Supplied information →
......

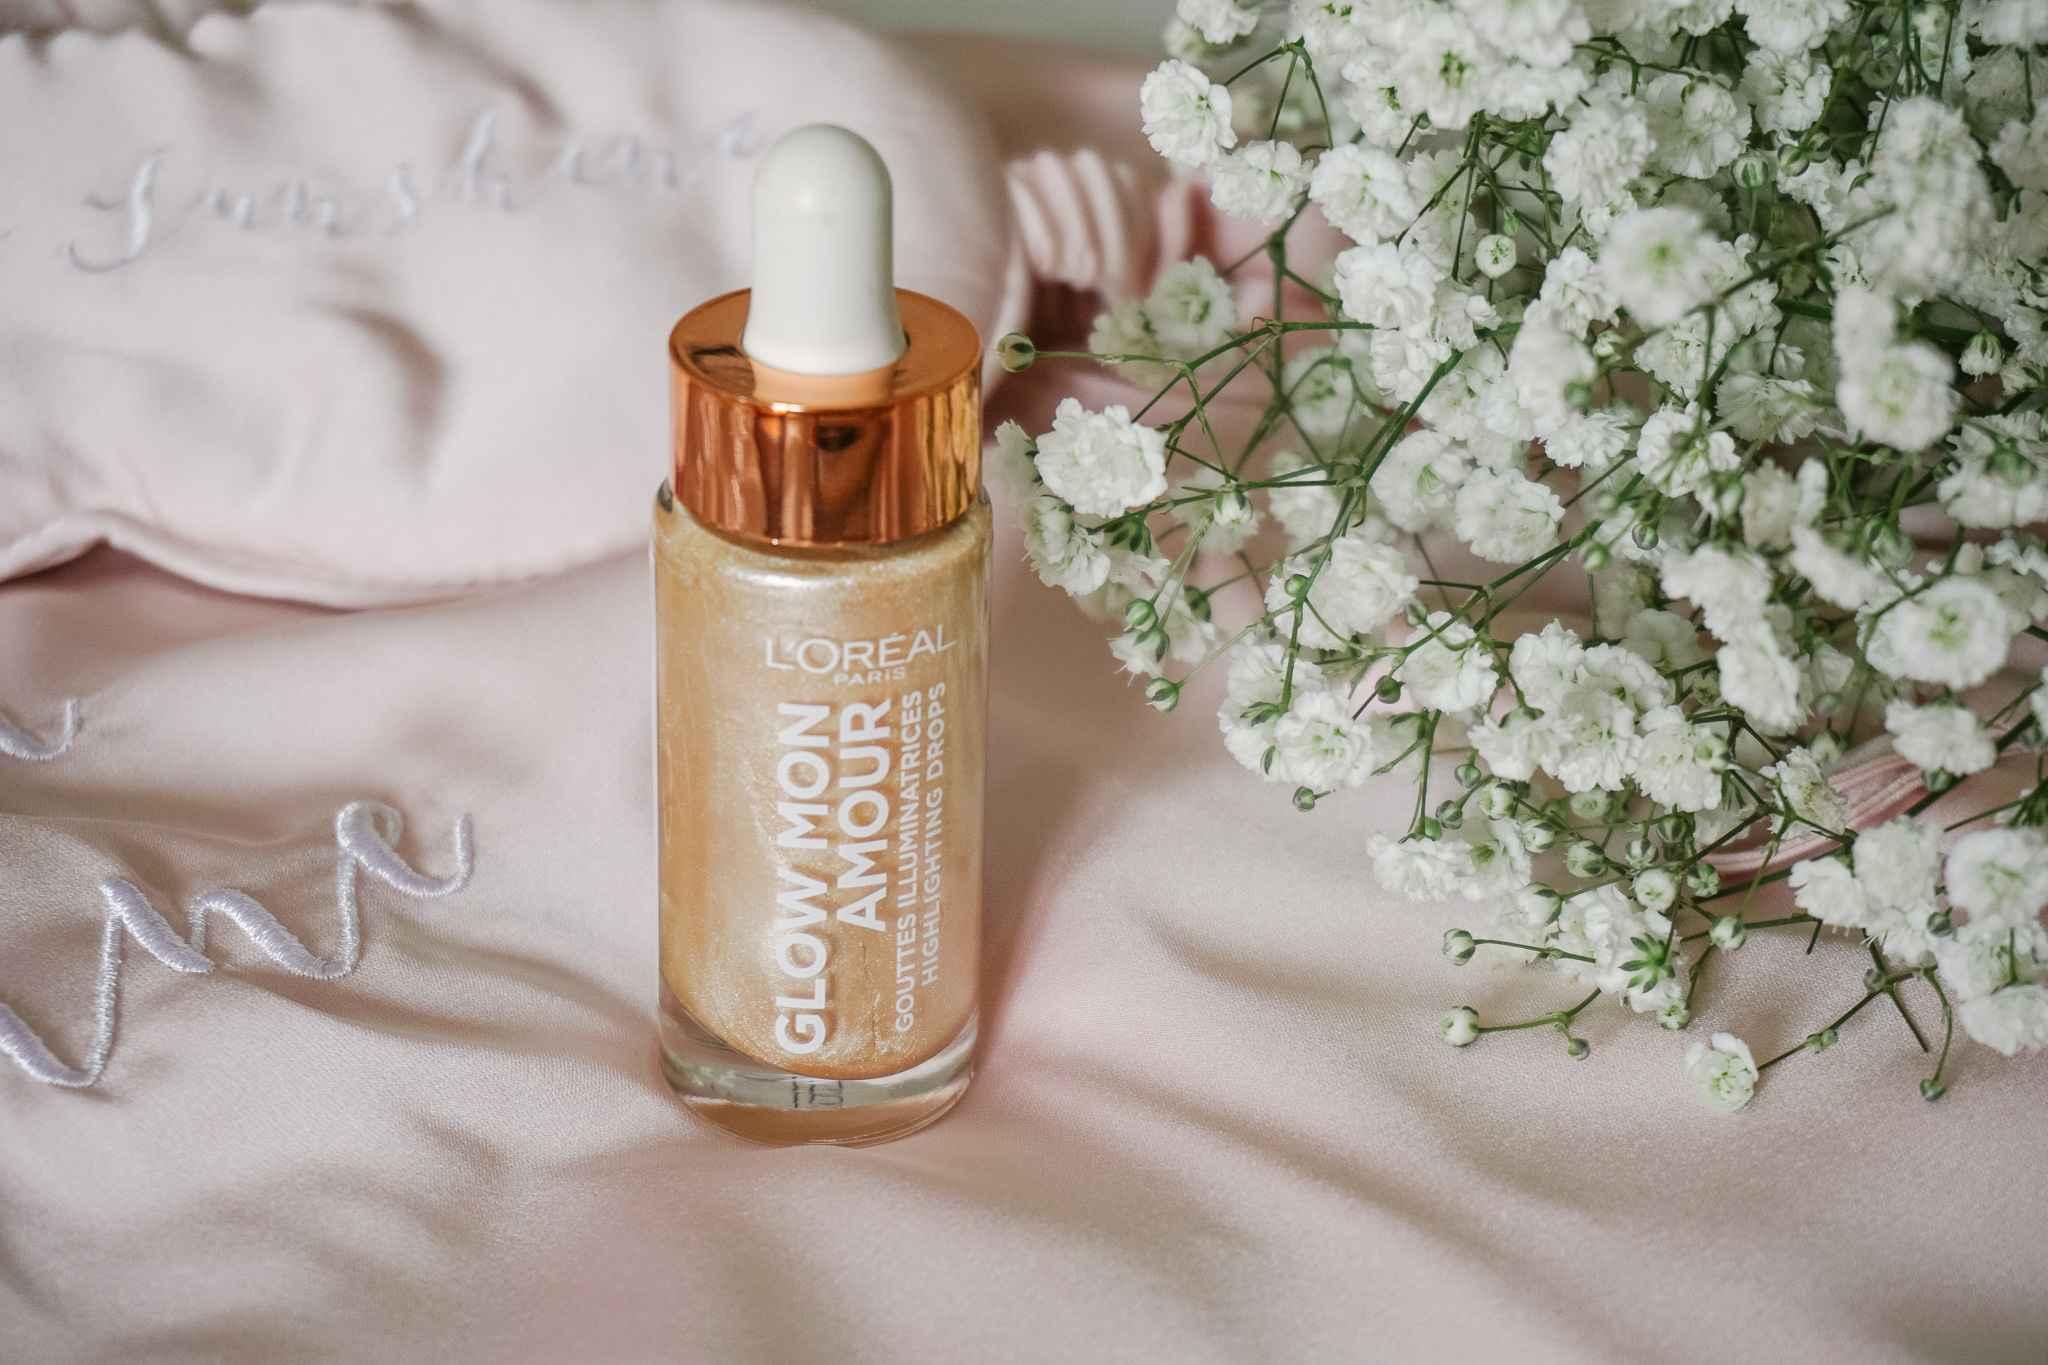 Glow Mon Amour L'Oréal Review
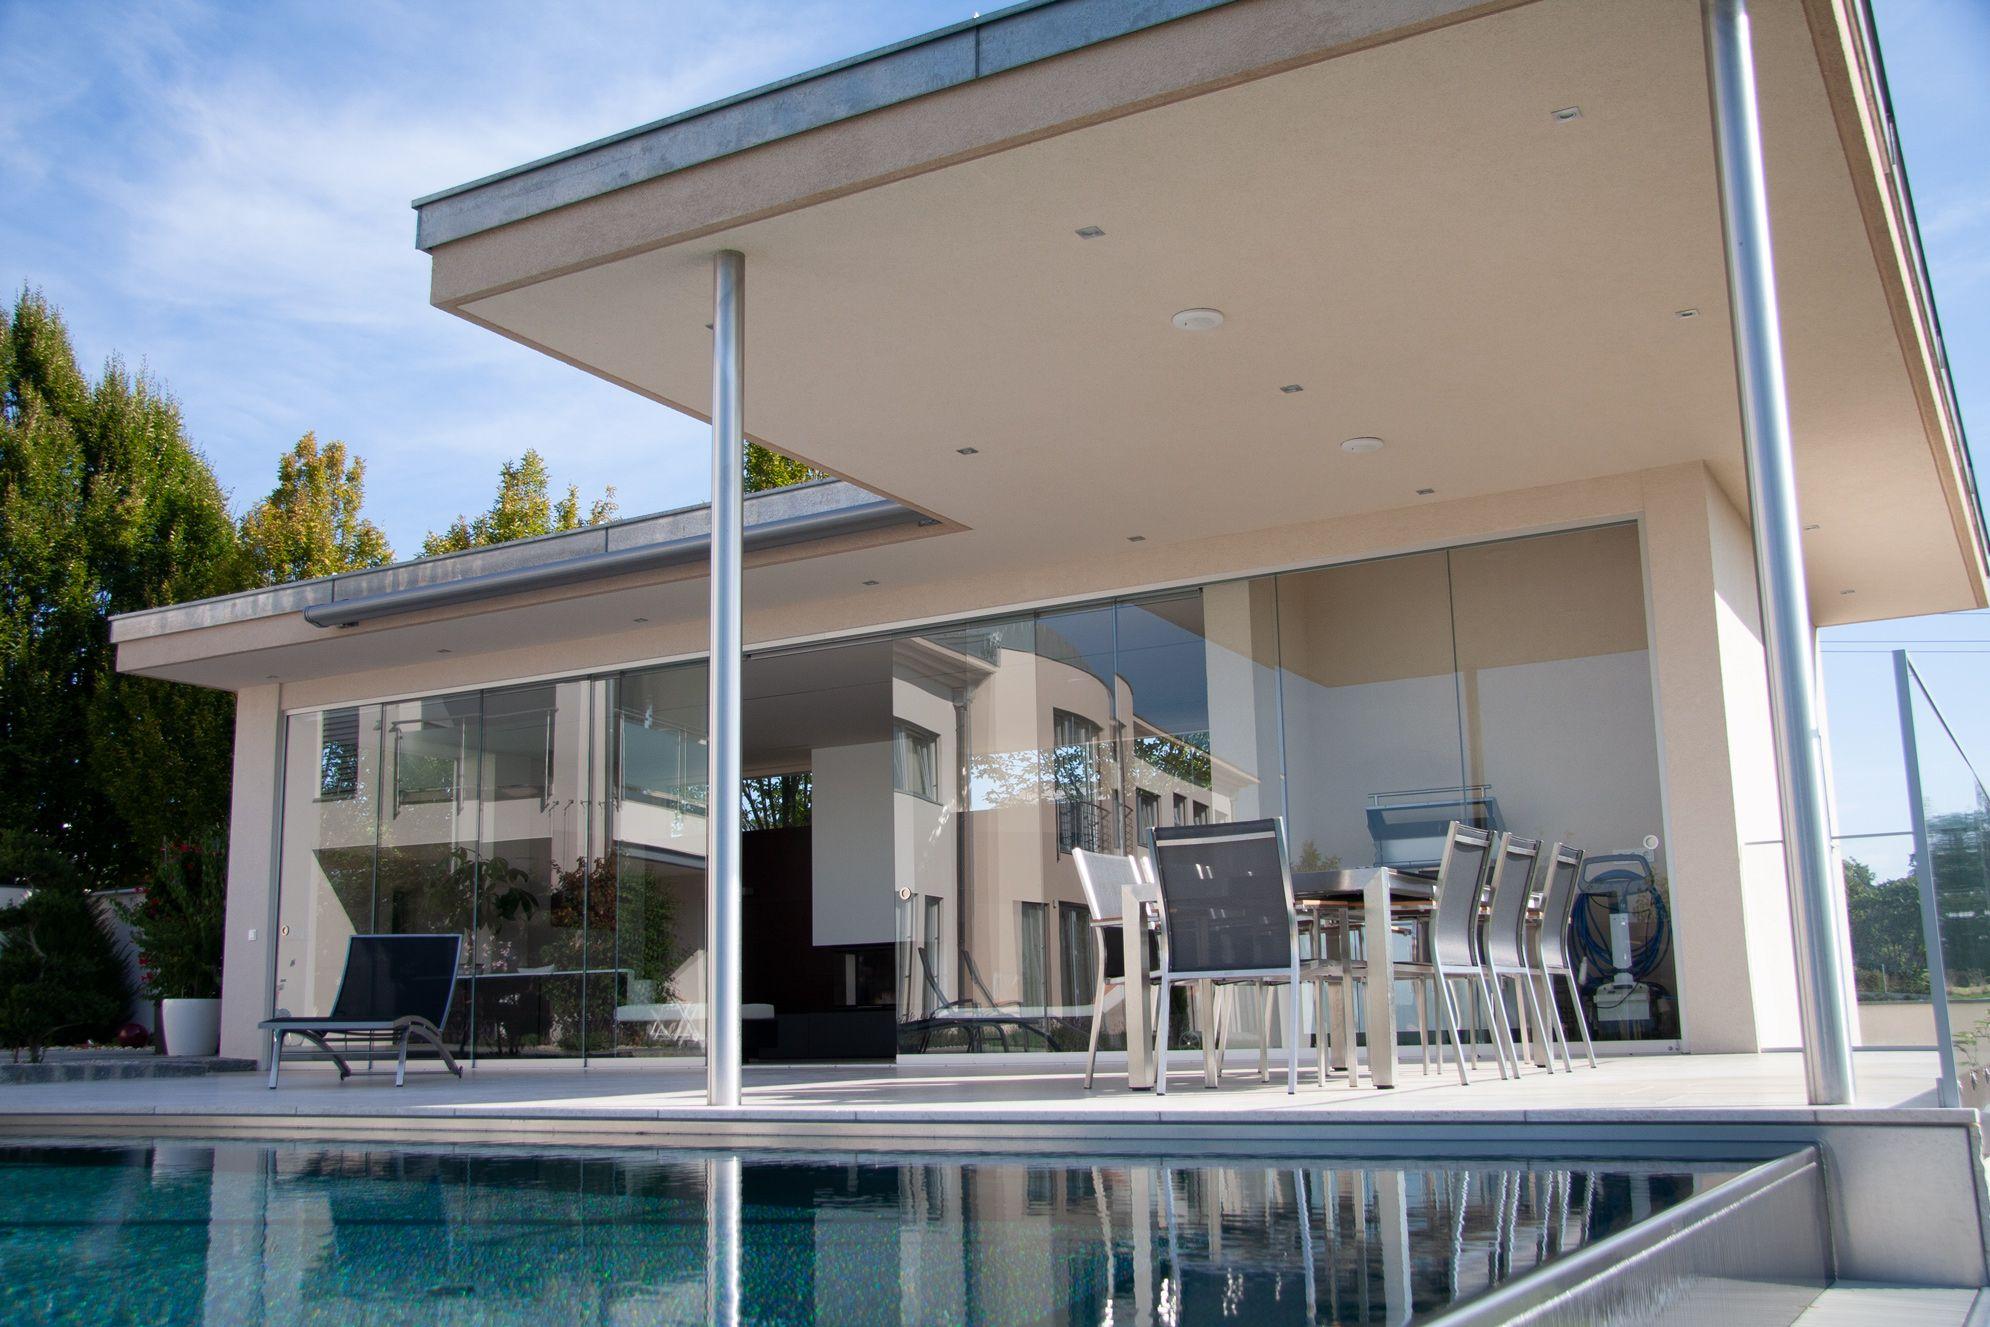 Glasschiebetüren Außen Preis | Verglasungen // Balkon, Terrasse
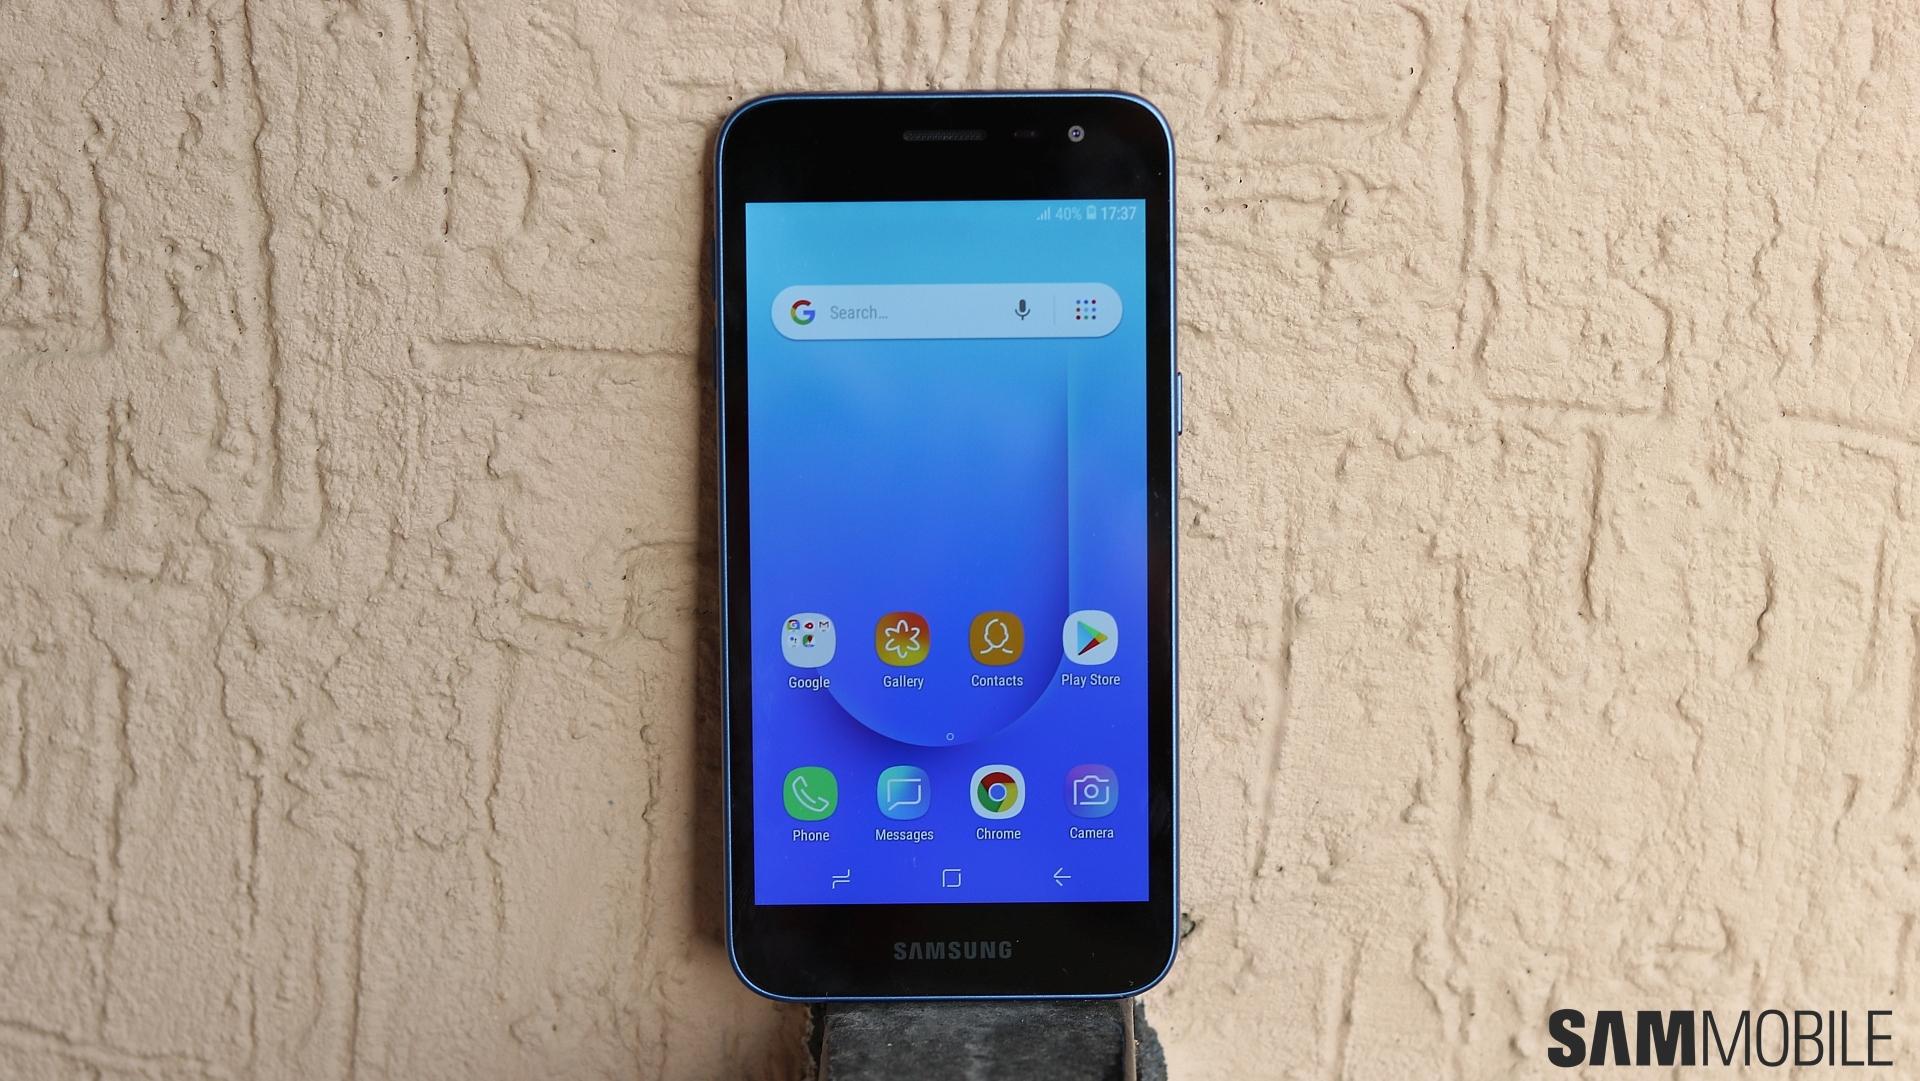 Samsung Galaxy J4 Core vs Galaxy J2 Core specs comparison
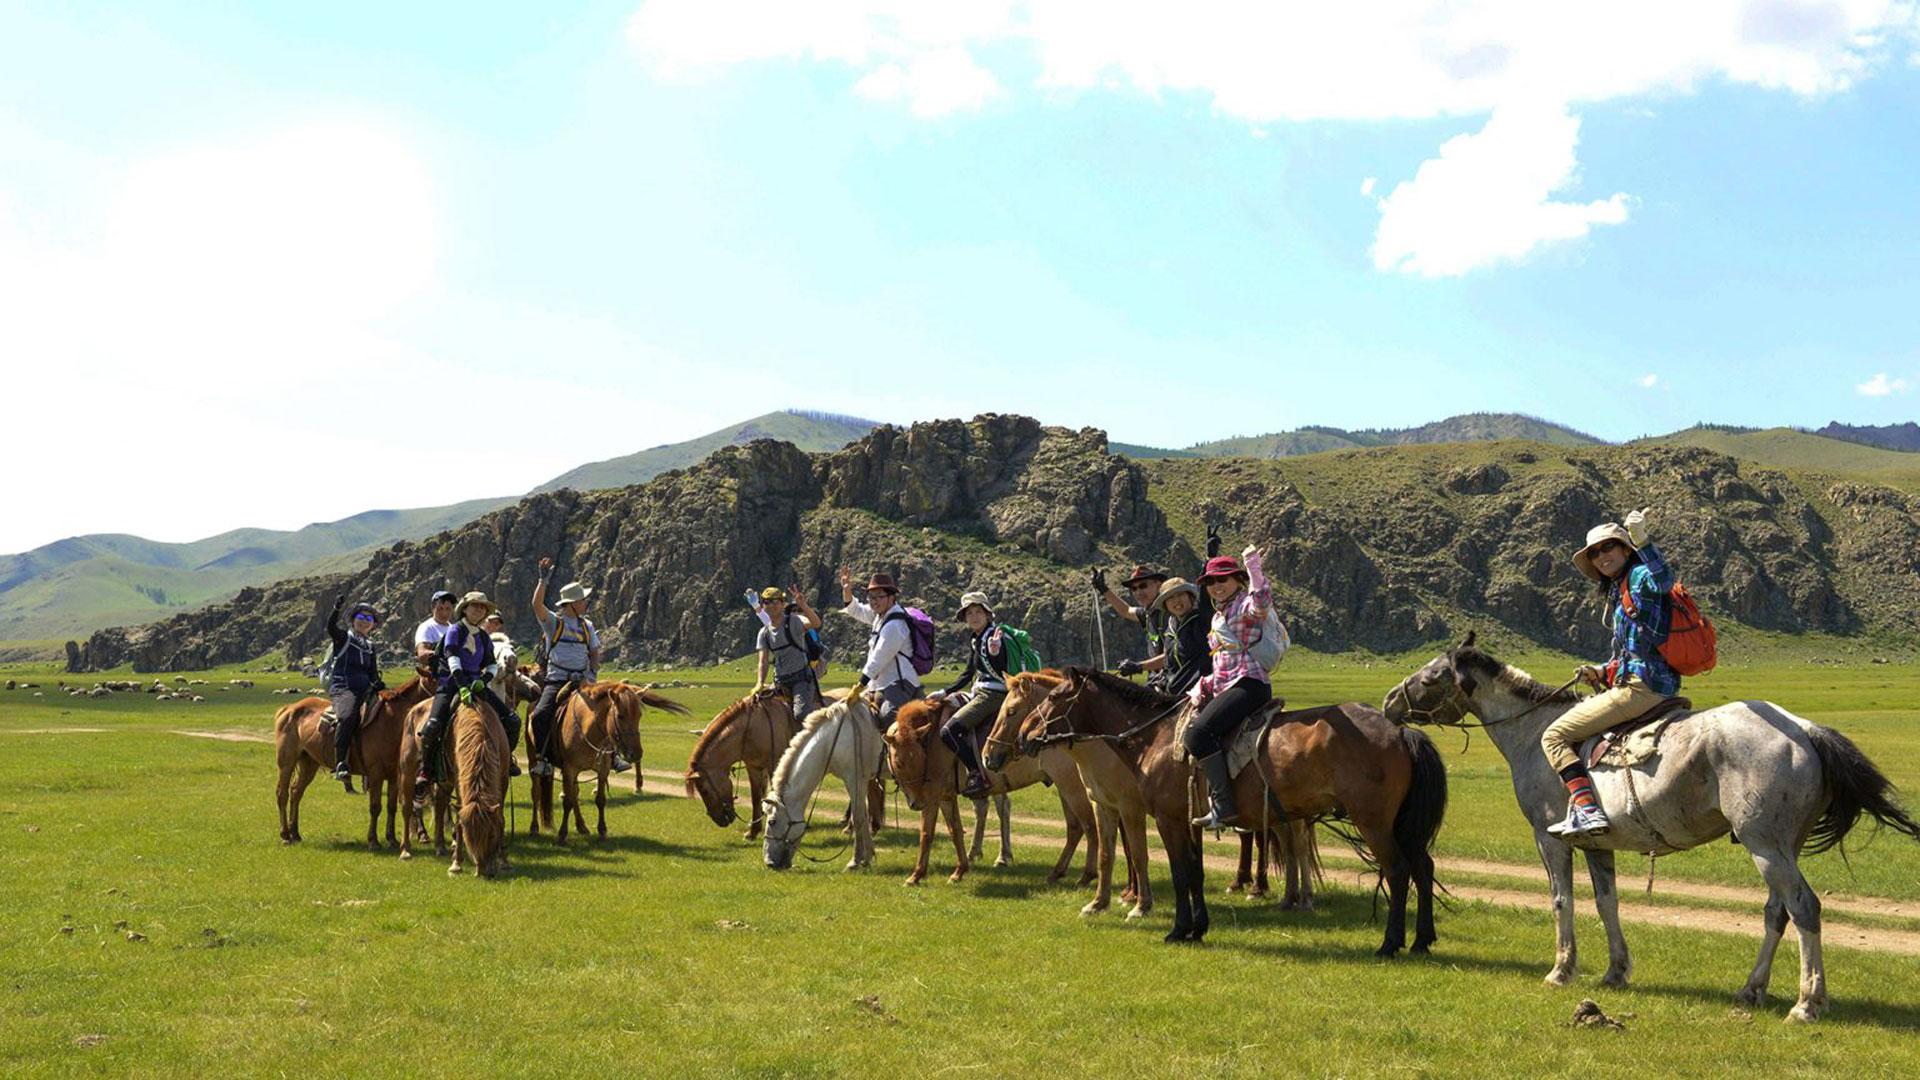 モンゴル高原で乗馬中の参加者

......

Task directions → From the first line to the last, copy the listing above exactly, dropping all images.

Exercise output →
 Glow Mon Amour L'Oréal Review
 Glasschiebetüren Außen Preis | Verglasungen // Balkon, Terrasse
 Samsung Galaxy J4 Core vs Galaxy J2 Core specs comparison
 モンゴル高原で乗馬中の参加者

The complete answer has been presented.